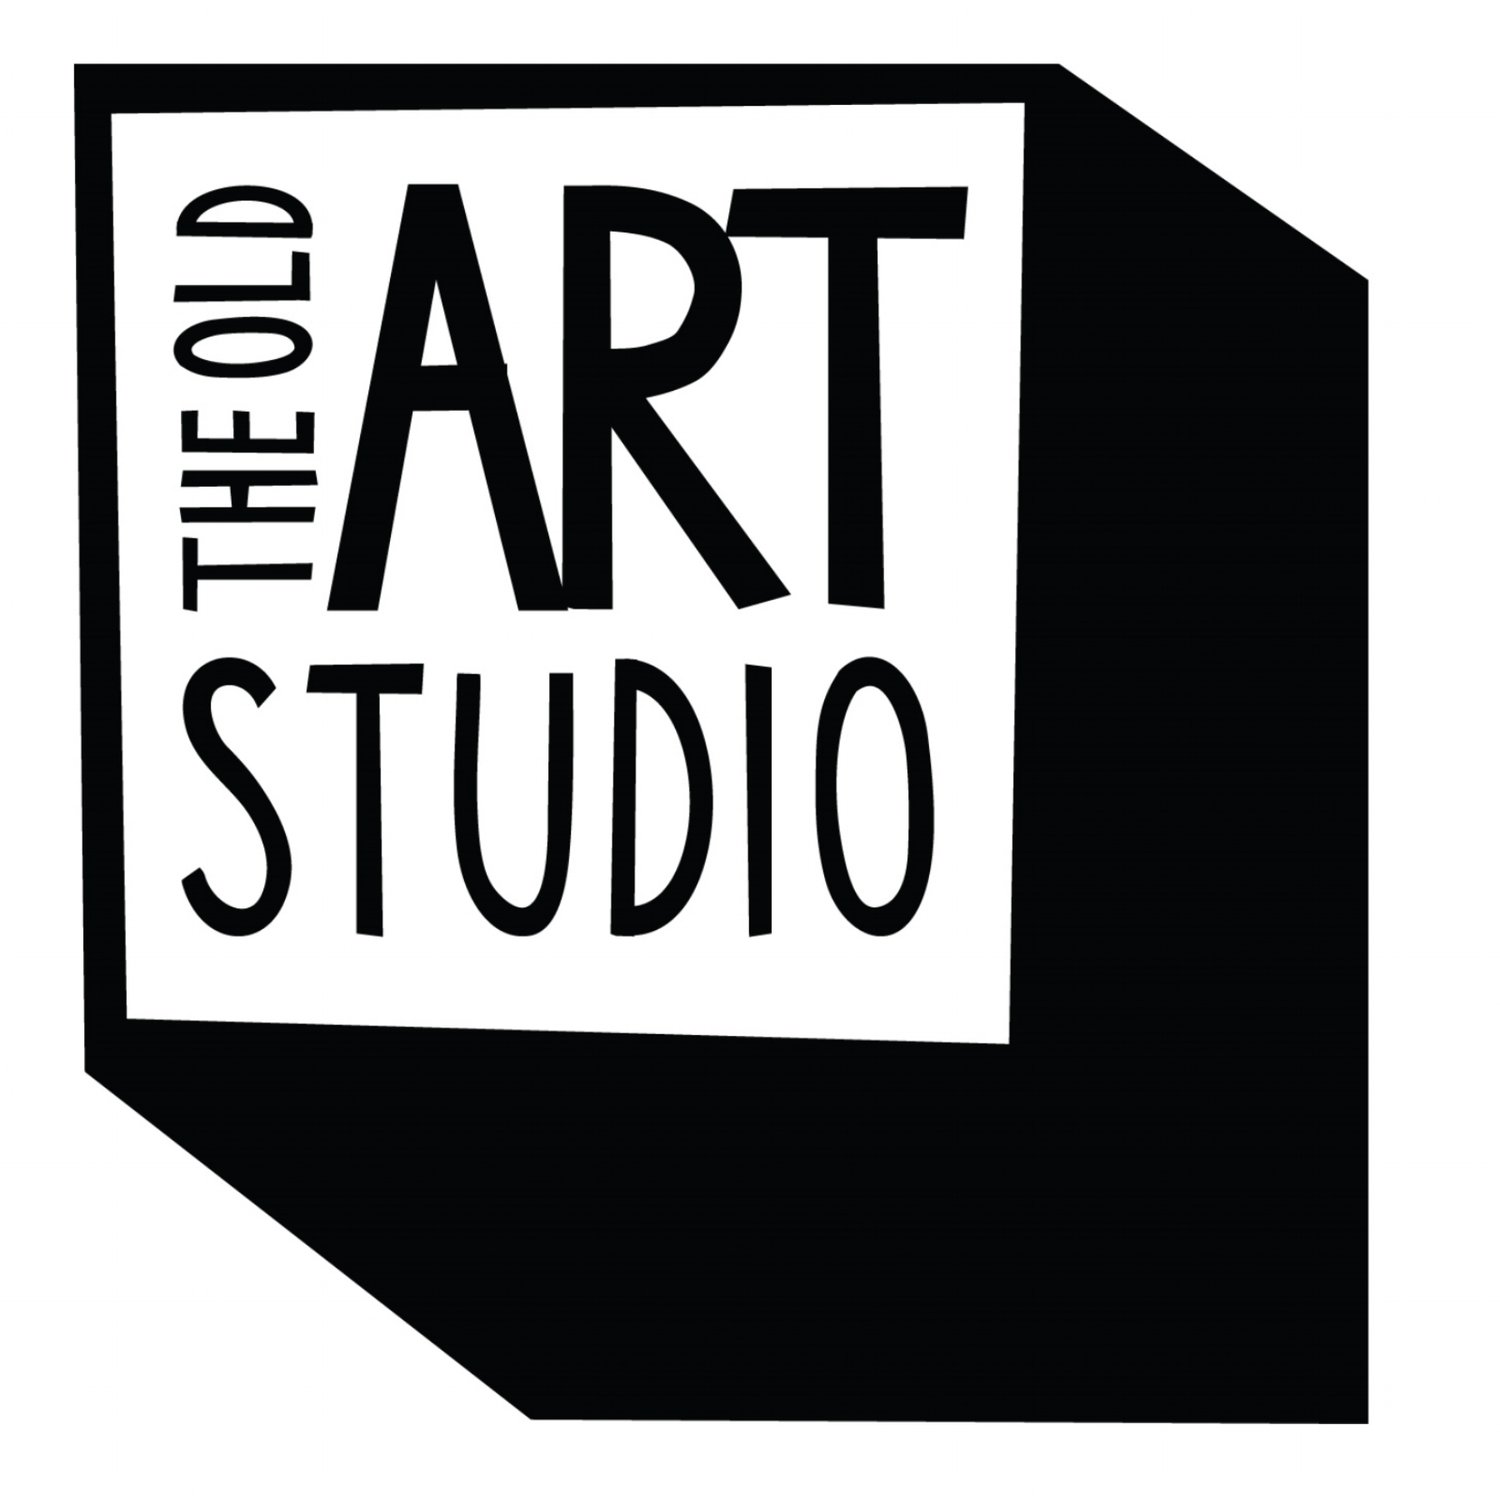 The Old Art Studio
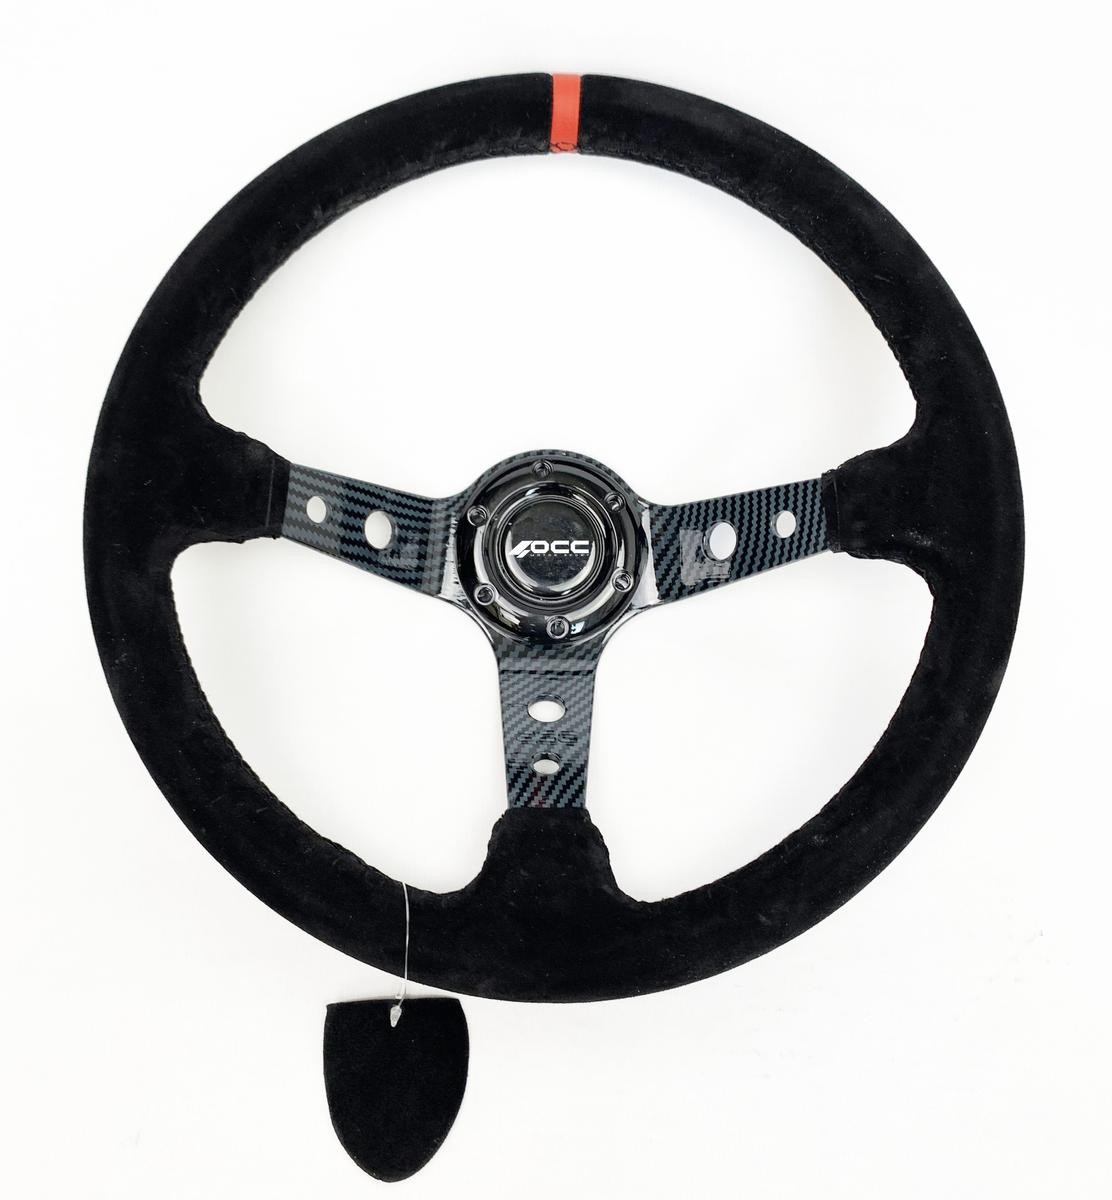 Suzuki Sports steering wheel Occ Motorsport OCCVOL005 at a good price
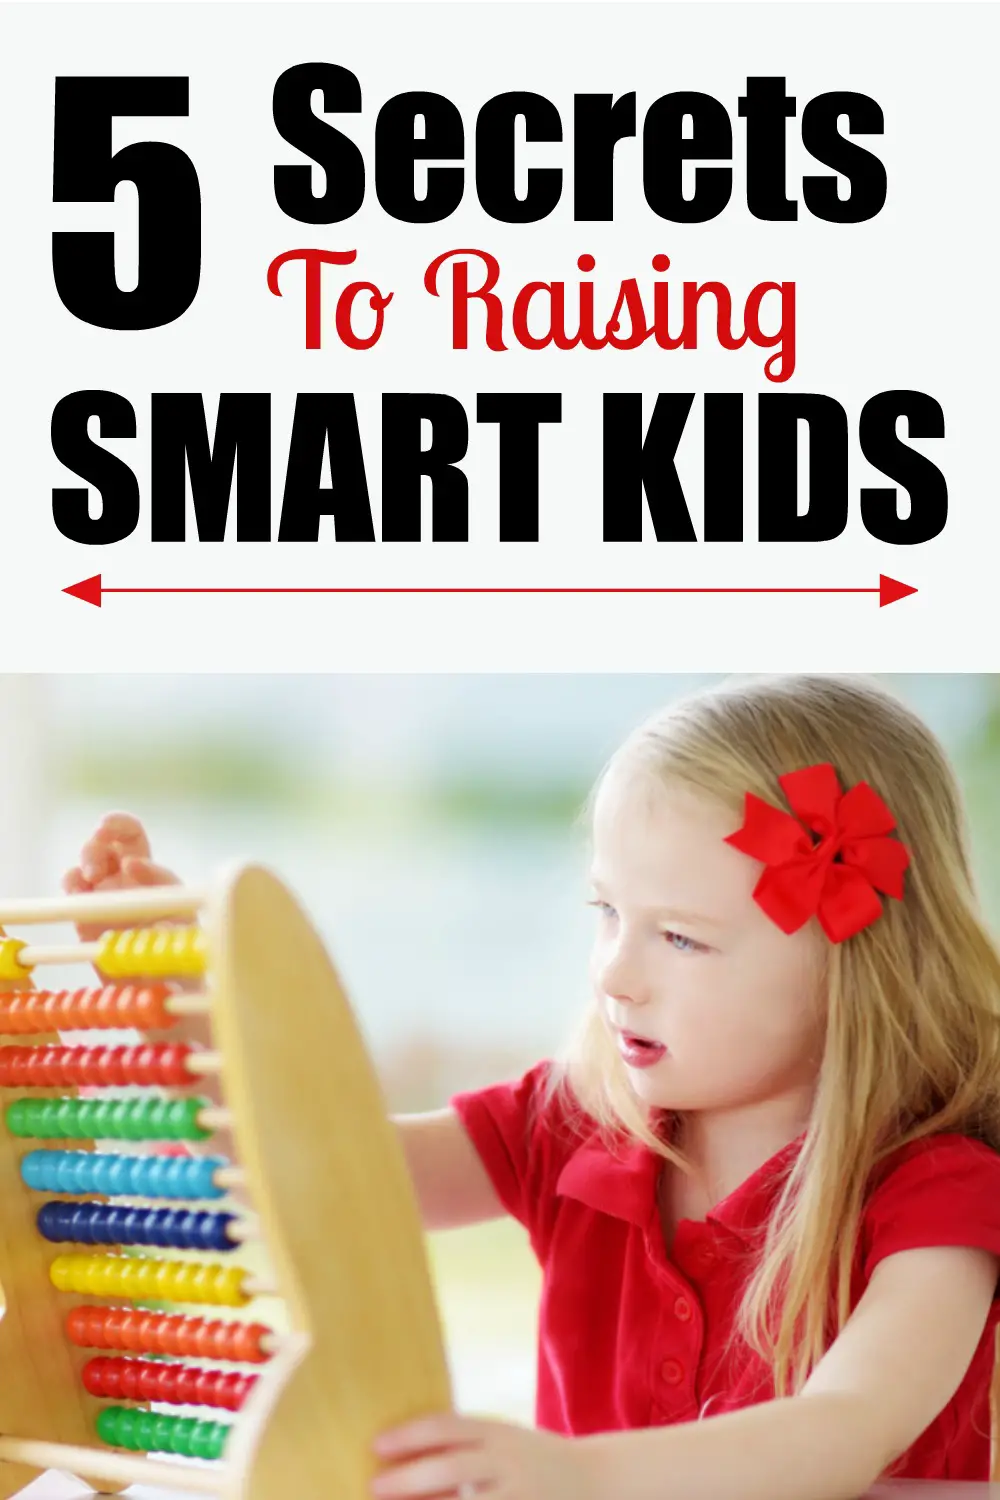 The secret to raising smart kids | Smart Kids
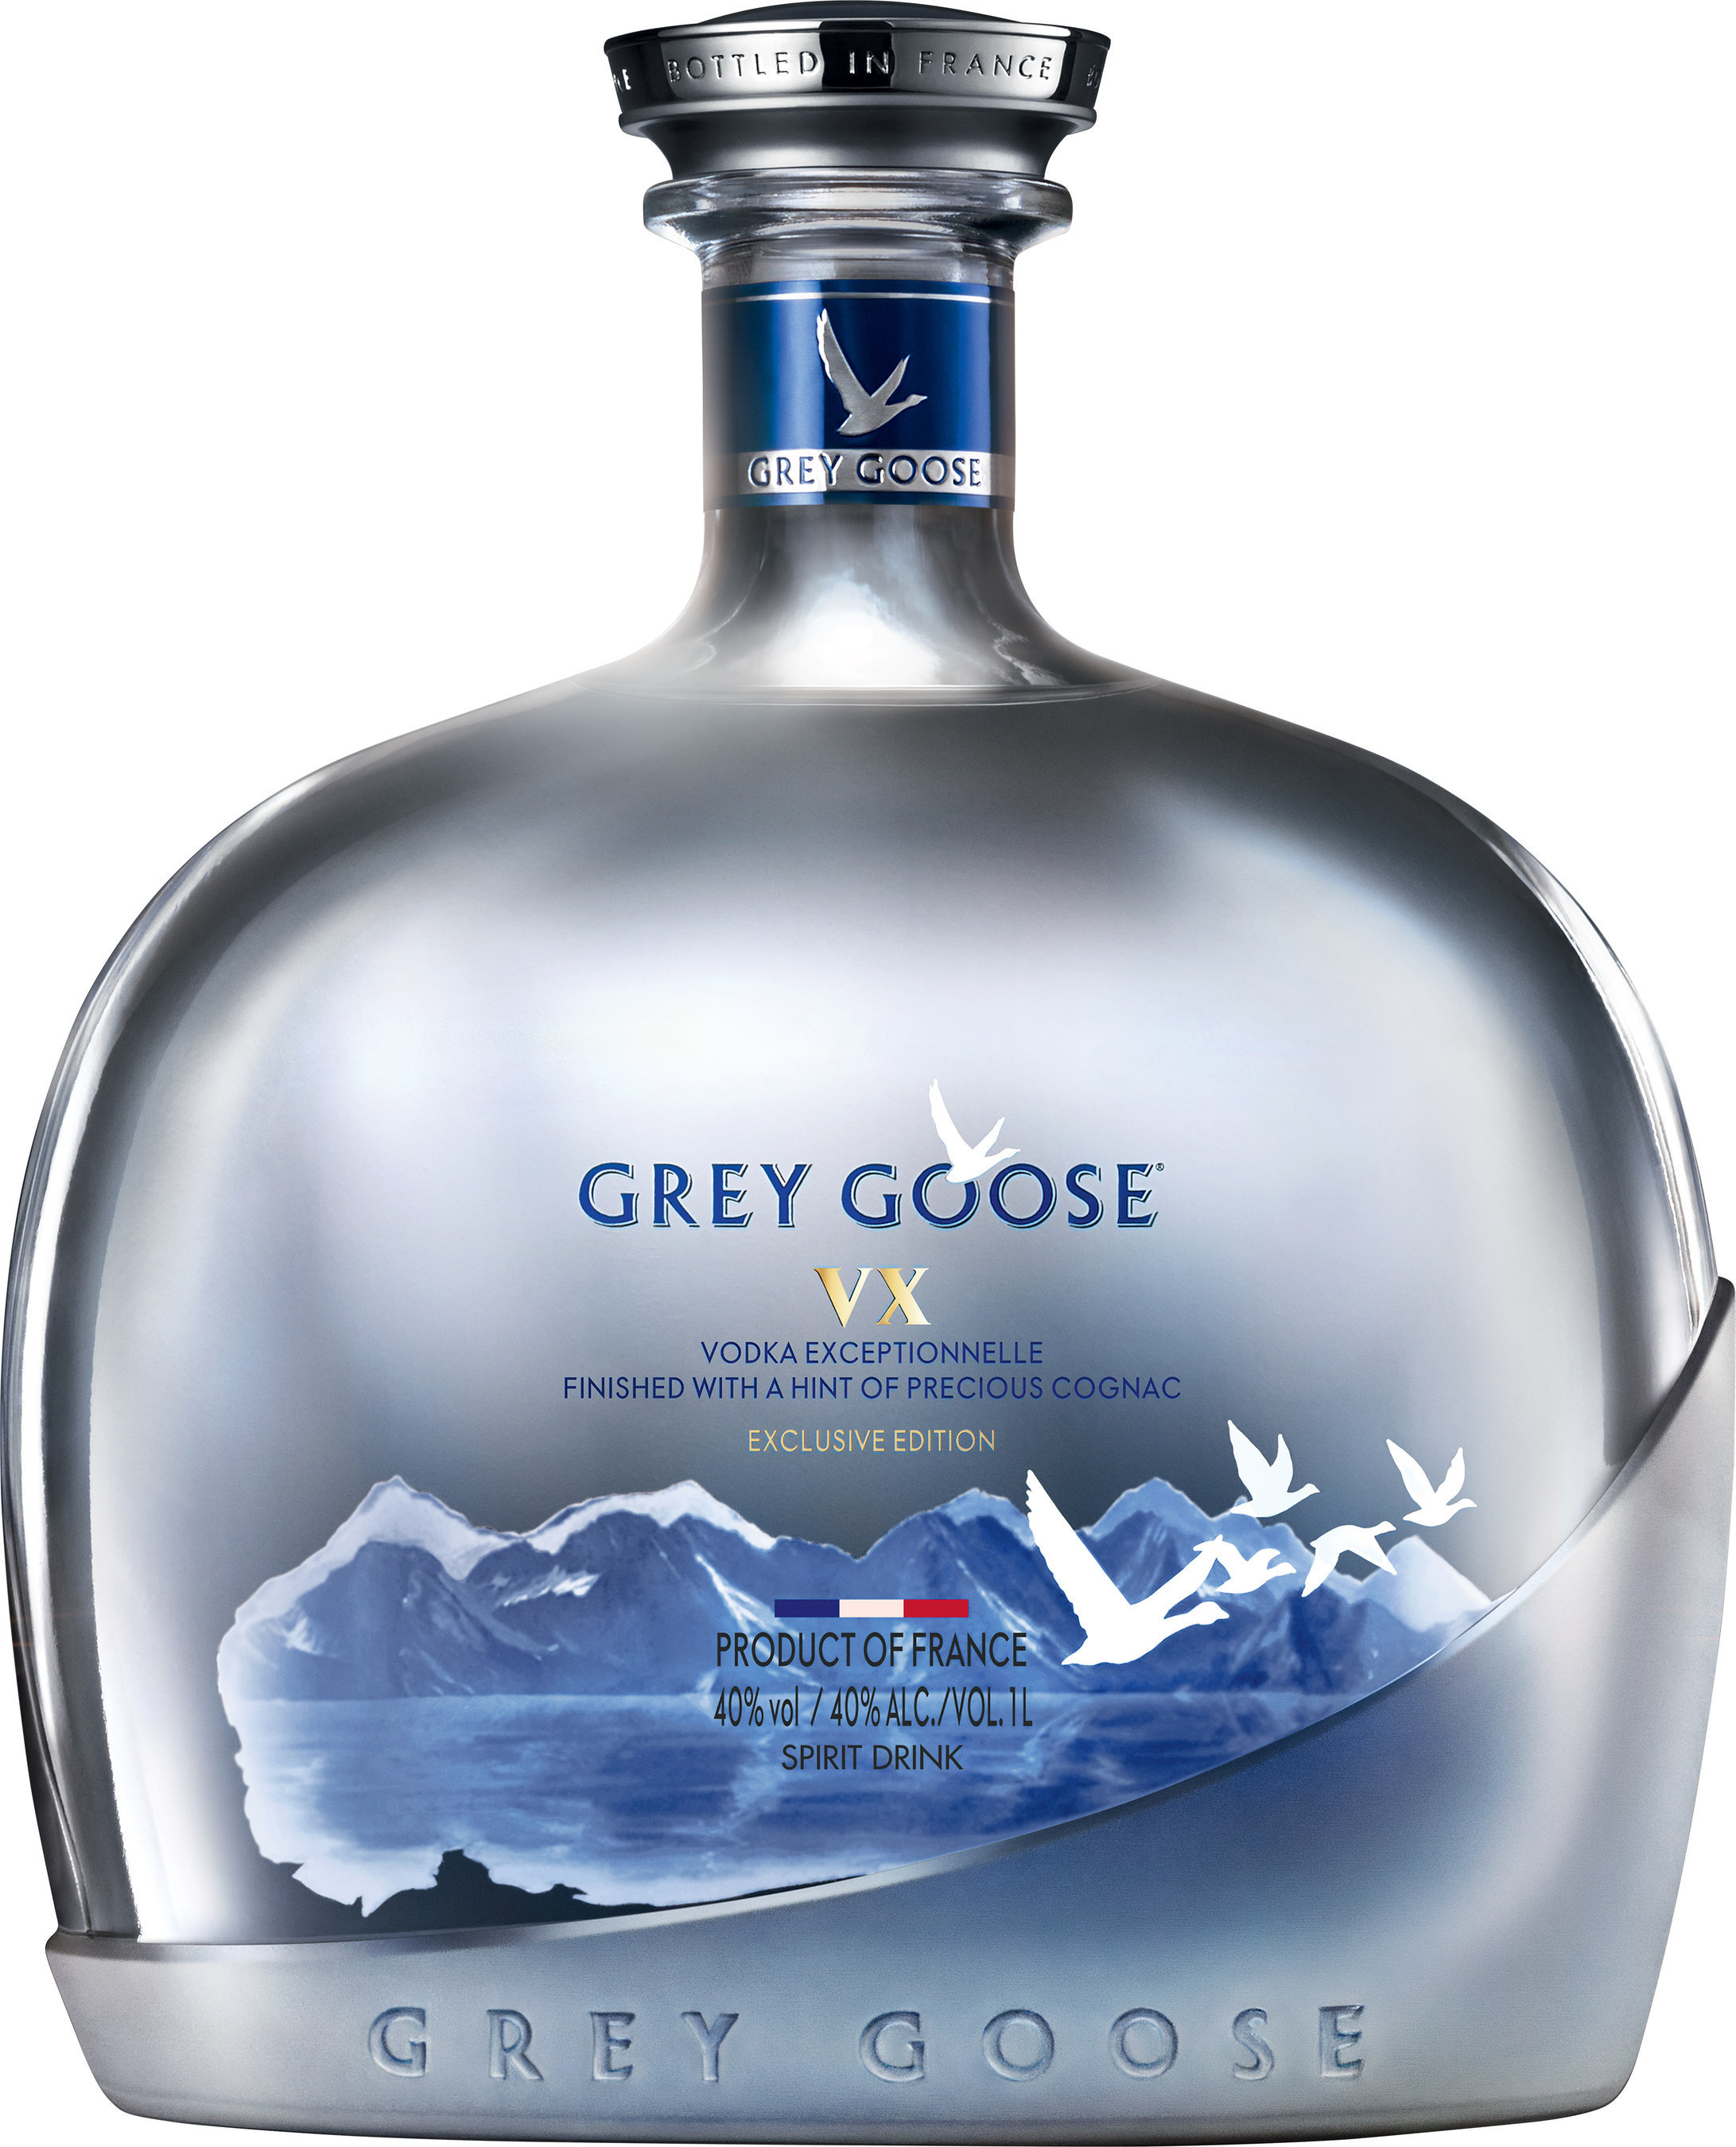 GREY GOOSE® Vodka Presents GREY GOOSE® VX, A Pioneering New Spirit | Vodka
◇ ◇ ◇ ◇ ◇ ◇ ◇
# TASK PROMPT
A verbatim copy of the listing, with all pictures removed, is required.

# EXERCISE ANSWER
 The Old Art Studio
 Suzuki Sports steering wheel Occ Motorsport OCCVOL005 at a good price
 The secret to raising smart kids | Smart Kids
 GREY GOOSE® Vodka Presents GREY GOOSE® VX, A Pioneering New Spirit | Vodka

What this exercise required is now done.